Problem: Could you write out, exactly as they stand, only the lines in the listing below from the line with "食器 猫 ヘルスウォーター" to the line with "Spacing scale met", both ends included, without the pictures?

Supplied records:
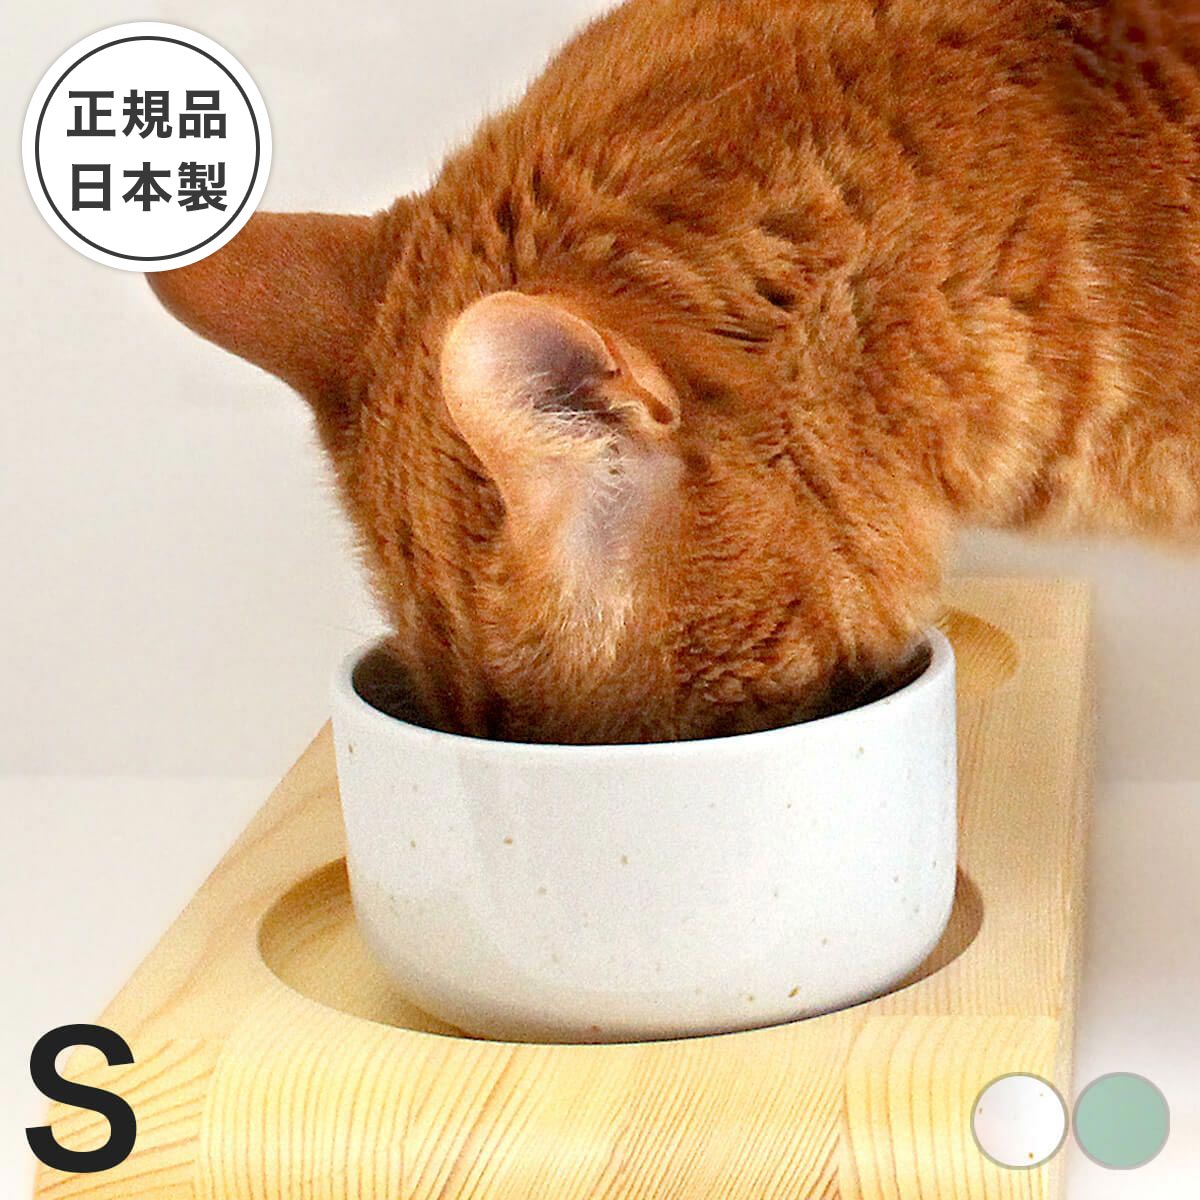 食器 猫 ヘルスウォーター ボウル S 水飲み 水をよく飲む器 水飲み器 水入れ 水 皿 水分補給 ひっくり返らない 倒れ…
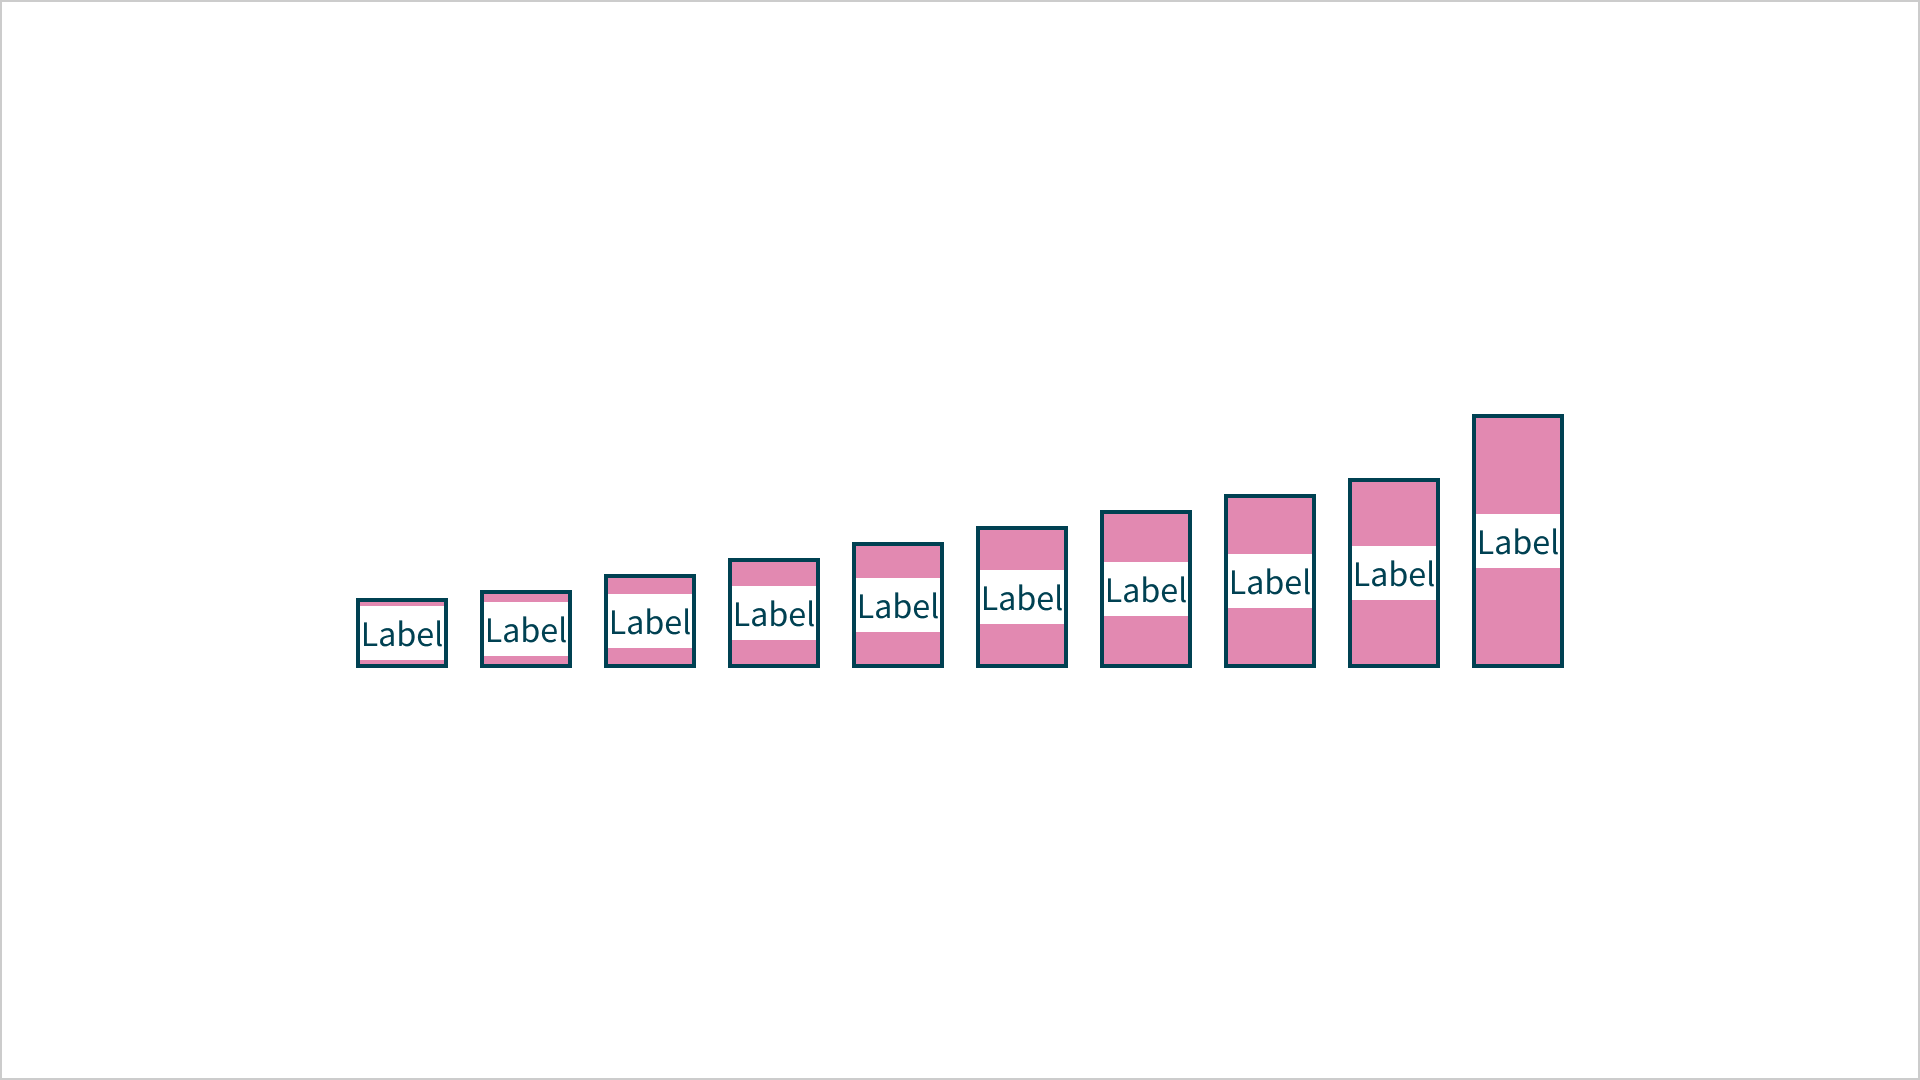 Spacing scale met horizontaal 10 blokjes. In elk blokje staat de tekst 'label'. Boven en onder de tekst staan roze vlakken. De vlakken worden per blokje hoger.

---

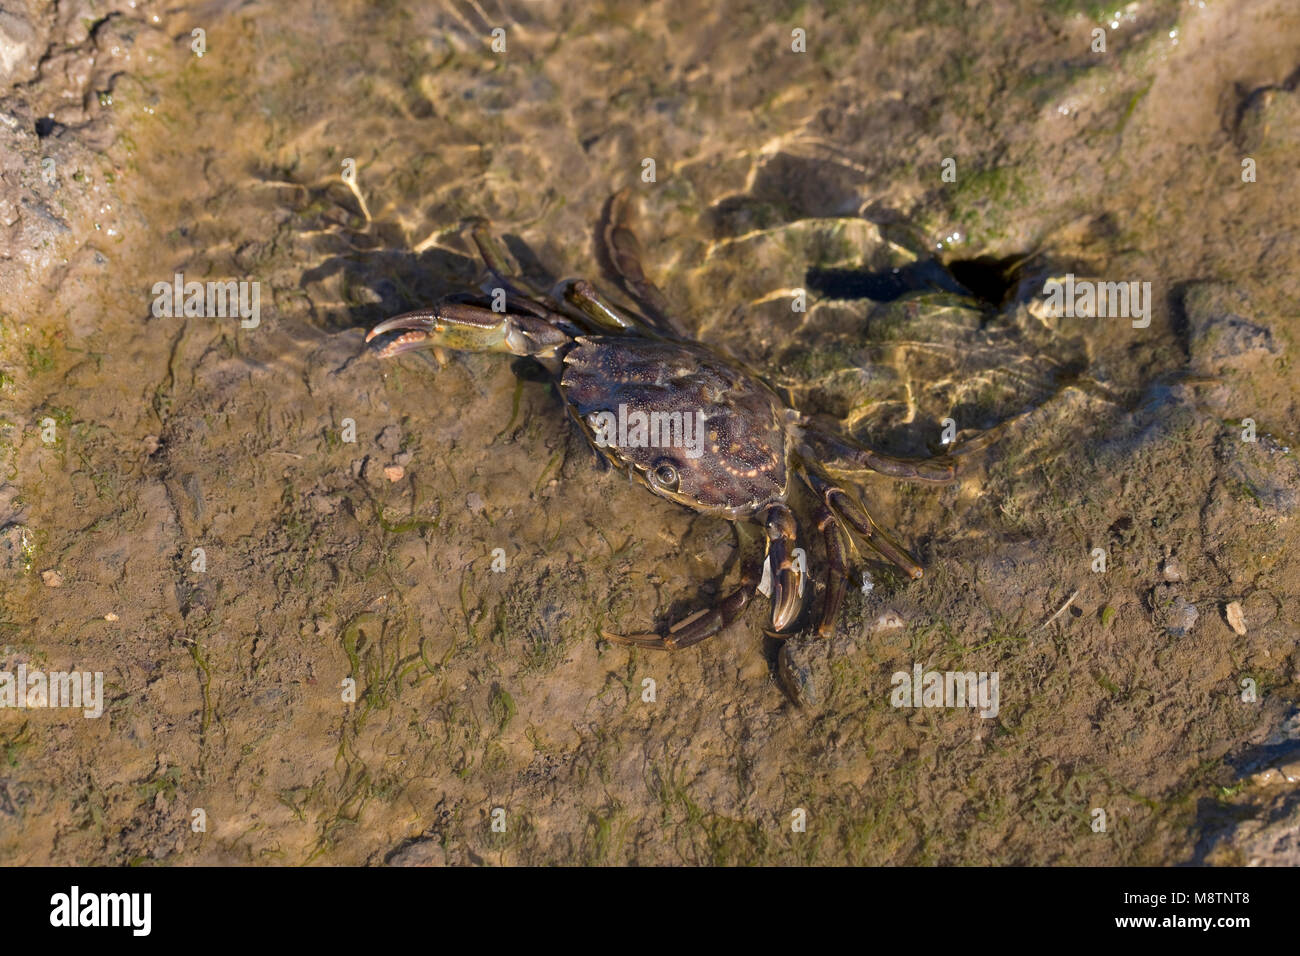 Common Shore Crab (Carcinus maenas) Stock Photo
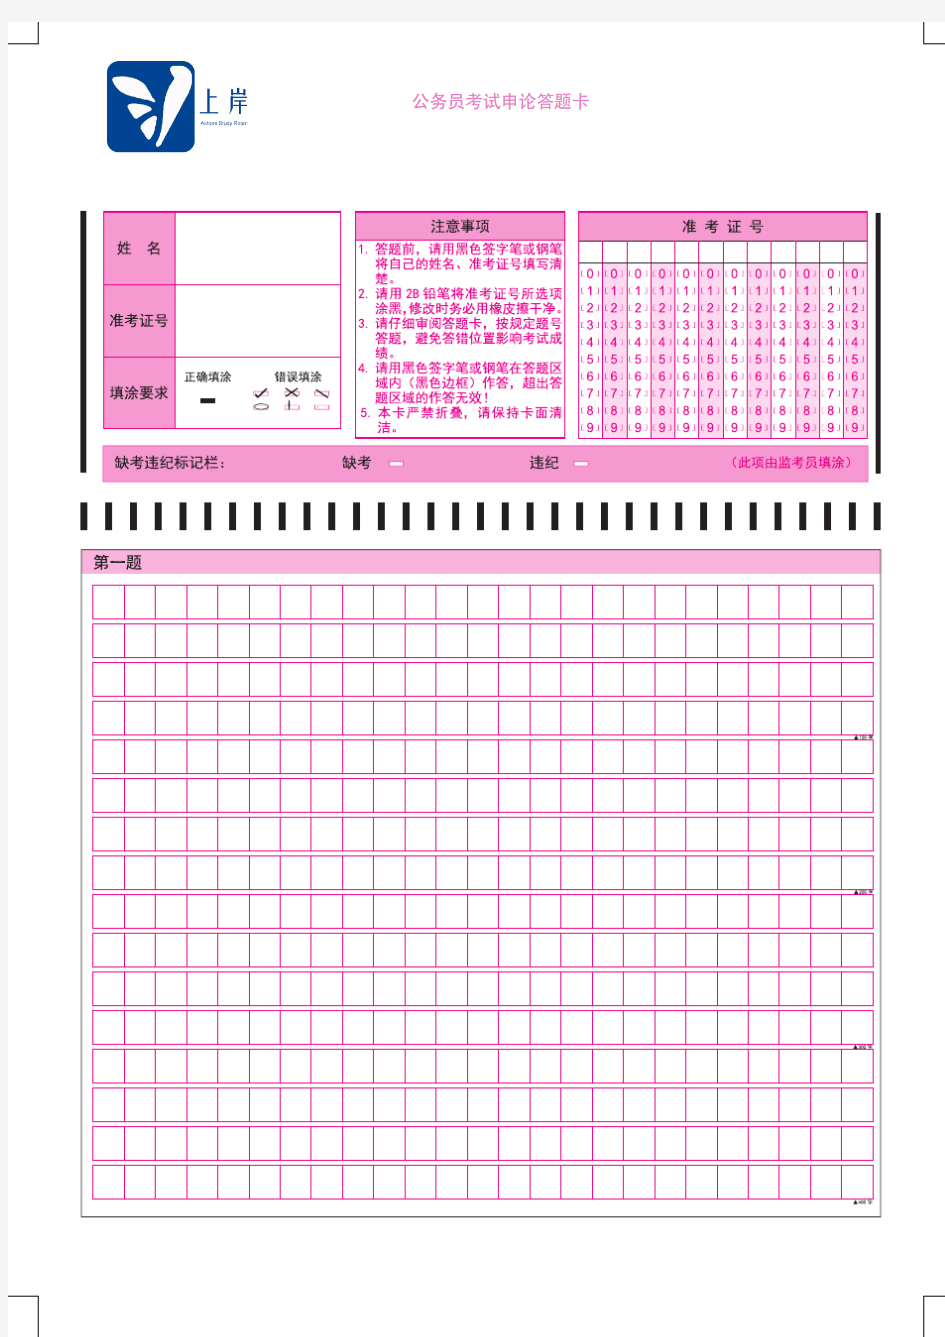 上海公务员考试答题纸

==

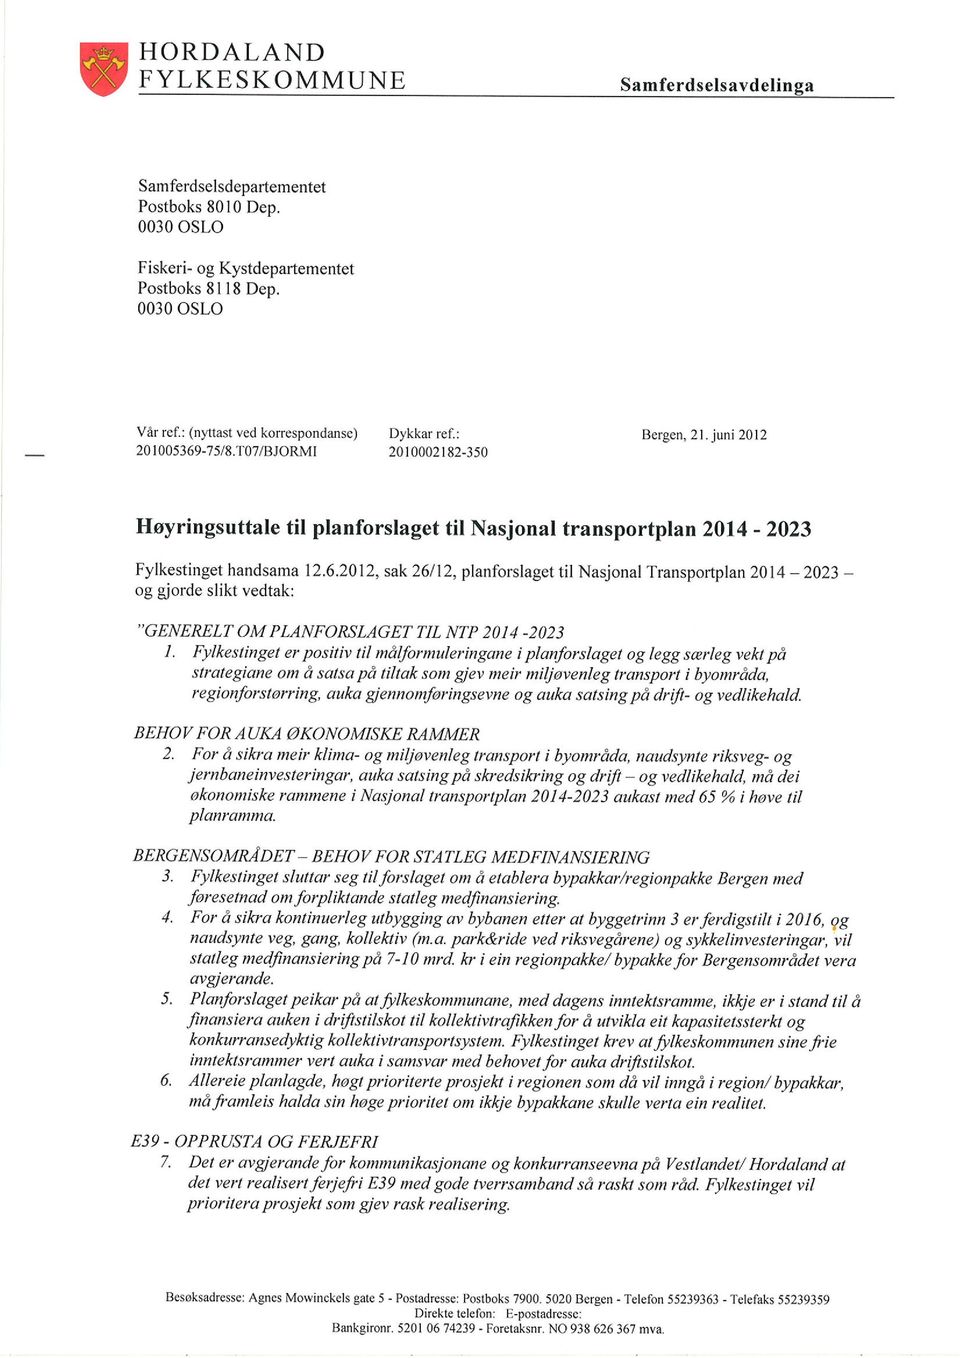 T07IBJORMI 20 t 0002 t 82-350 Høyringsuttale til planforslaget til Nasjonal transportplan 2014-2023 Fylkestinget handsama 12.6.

Written solution:
 食器 猫 ヘルスウォーター ボウル S 水飲み 水をよく飲む器 水飲み器 水入れ 水 皿 水分補給 ひっくり返らない 倒れ…
 Spacing scale met horizontaal 10 blokjes. In elk blokje staat de tekst 'label'. Boven en onder de tekst staan roze vlakken. De vlakken worden per blokje hoger.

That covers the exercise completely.